» SOURCE MATERIAL:

-.-.-

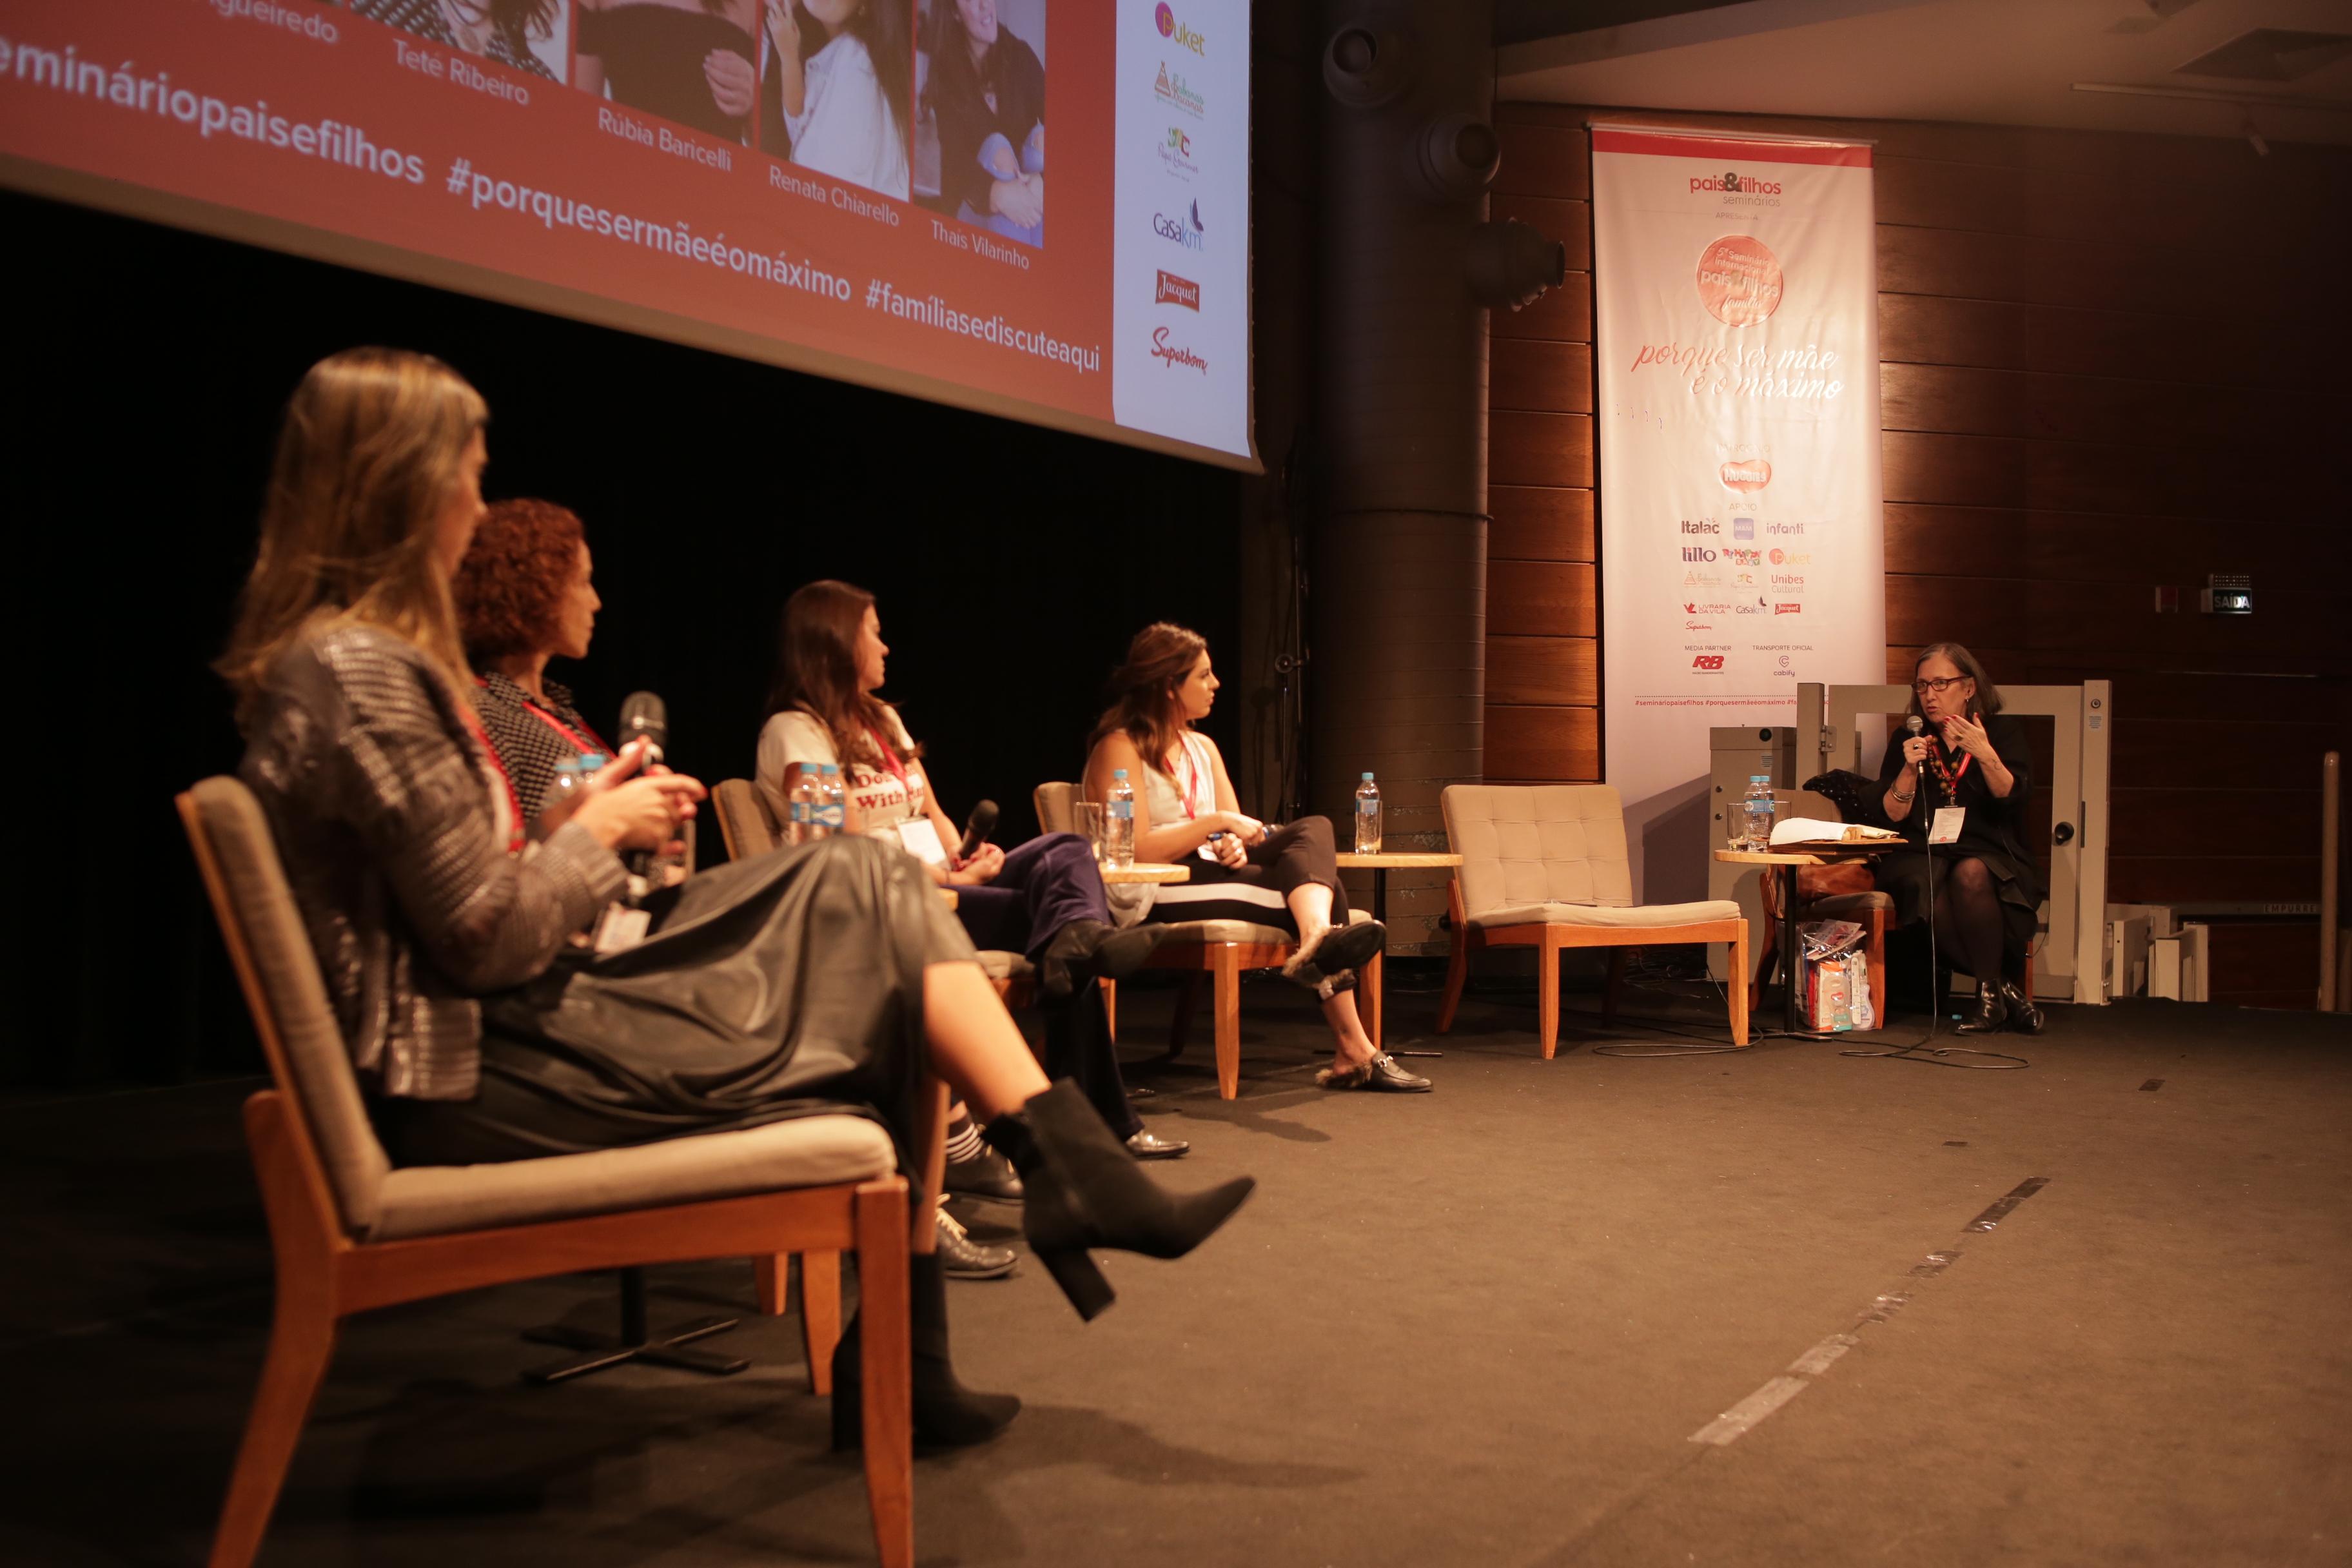 Mesa redonda com Mônica Figueiredo, Rúbia Baricelli, Thaís Vilarinho, Teté Ribeiro e Renata Chiarello
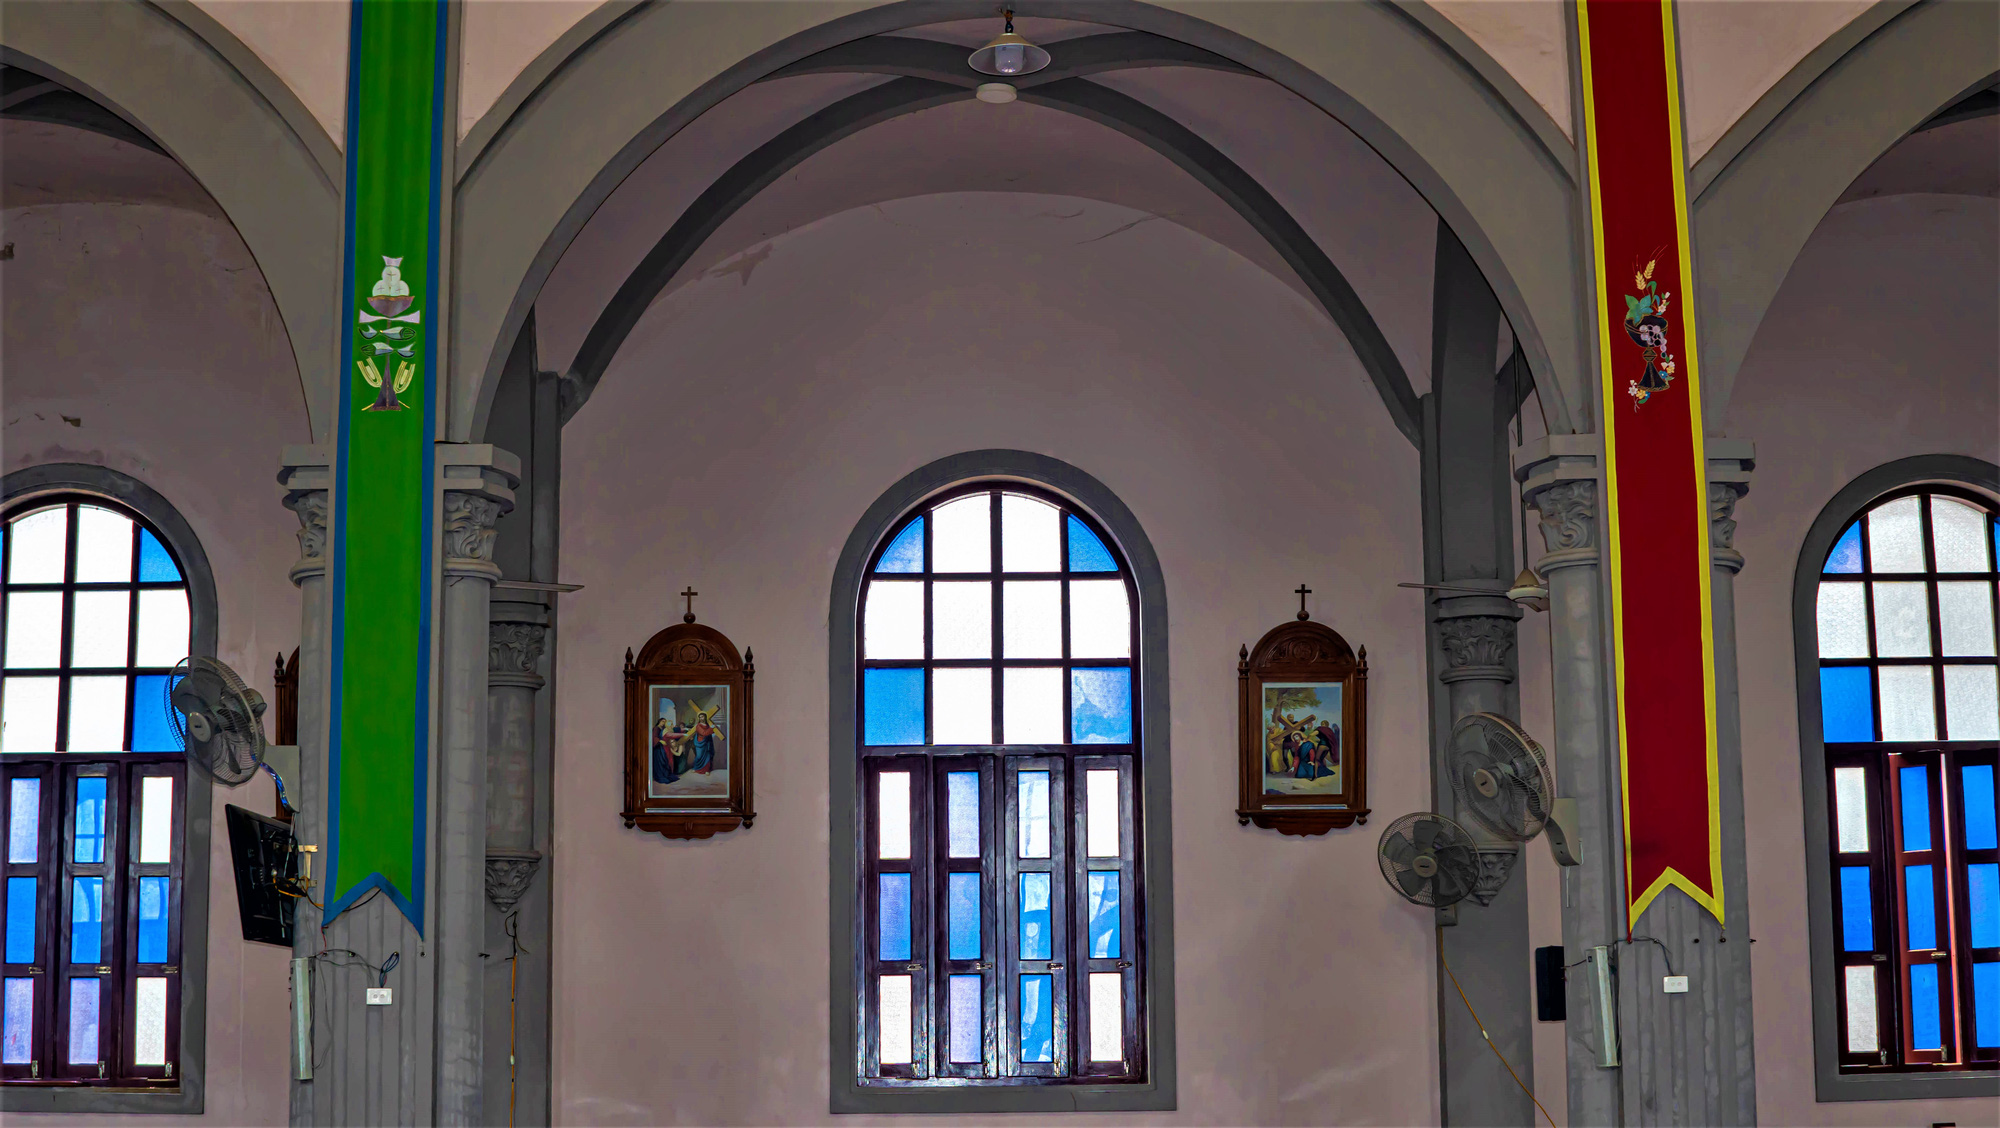 Về thăm nhà thờ Khoái Đồng, nơi thờ hiện thân của ông già Noel - Ảnh 14.
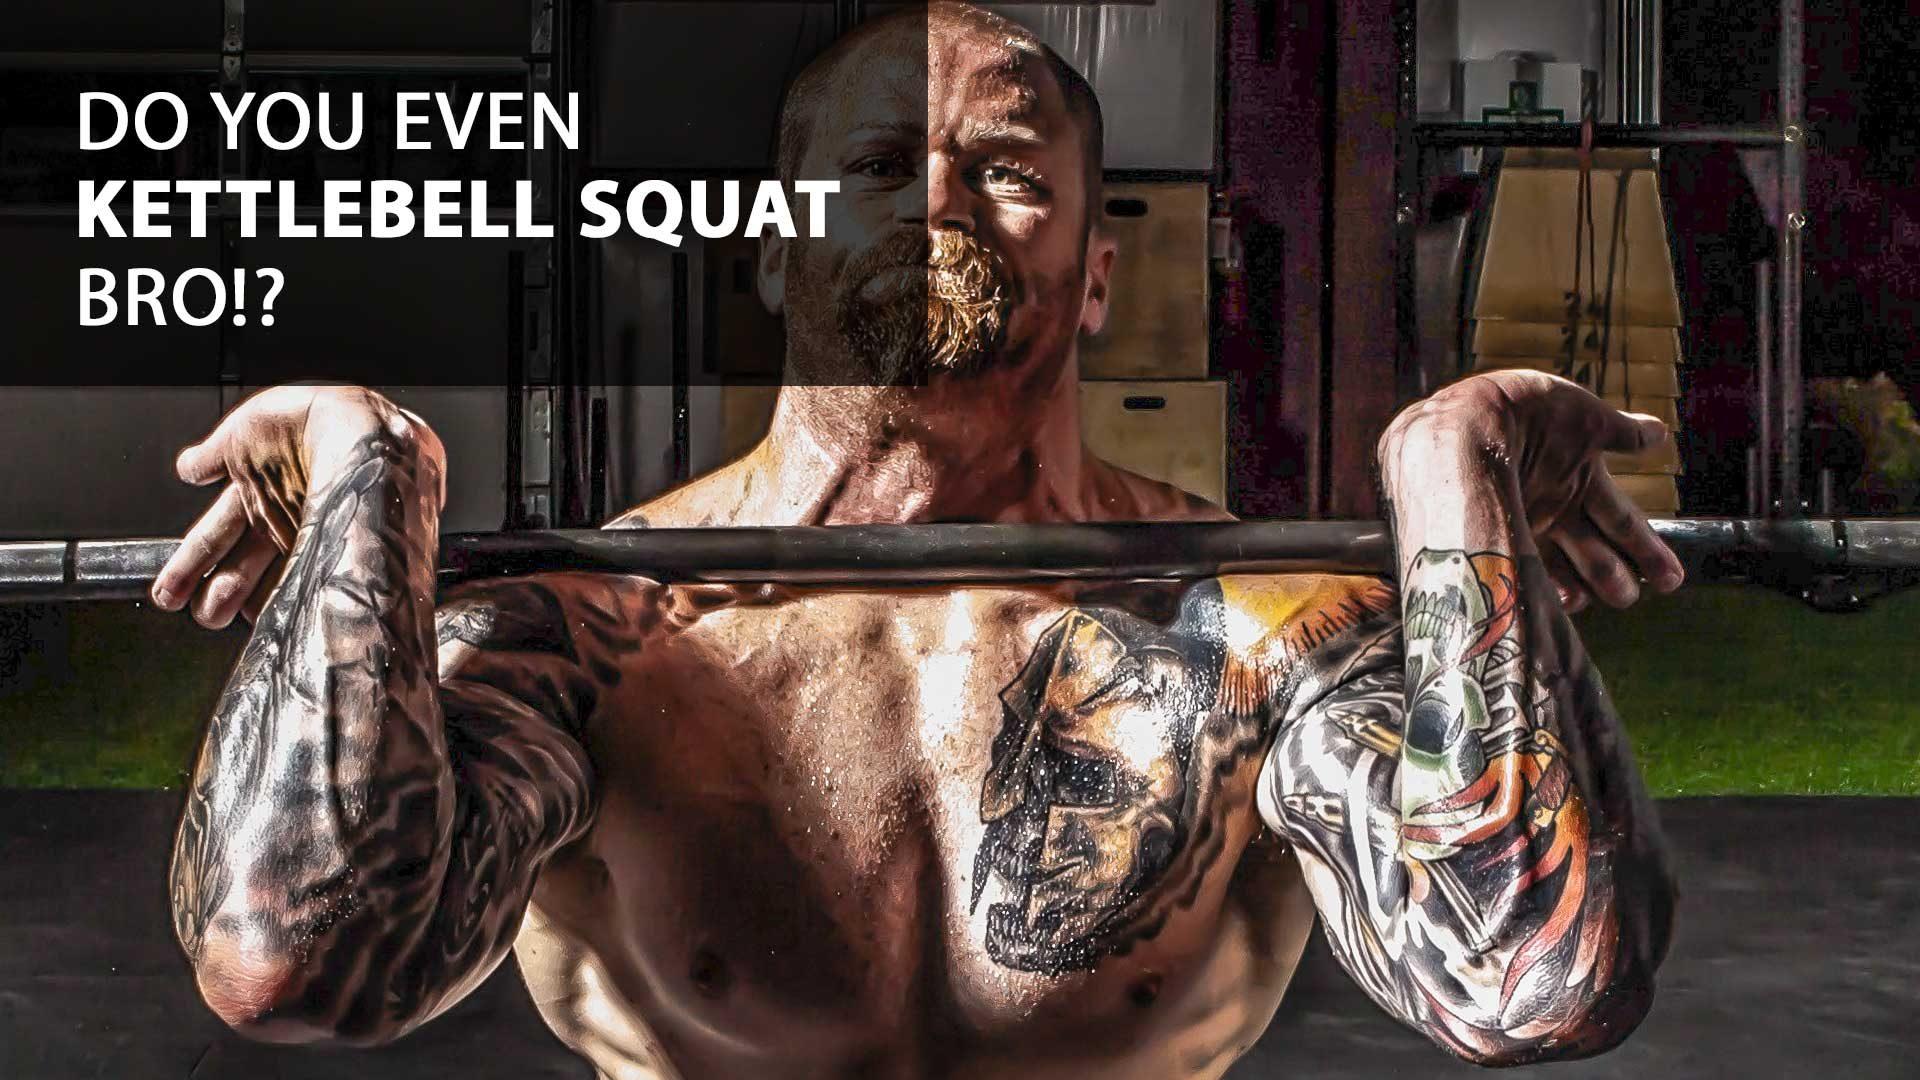 Do you even kettlebell squat bro

-.-.-

» PROBLEM DETAILS: Your copy should run from the line that has "Về thăm nhà" through the last line above, exactly, with both ends in and pictures out.

» EXERCISE SOLUTION:
 Về thăm nhà thờ Khoái Đồng, nơi thờ hiện thân của ông già Noel - Ảnh 14.
 Do you even kettlebell squat bro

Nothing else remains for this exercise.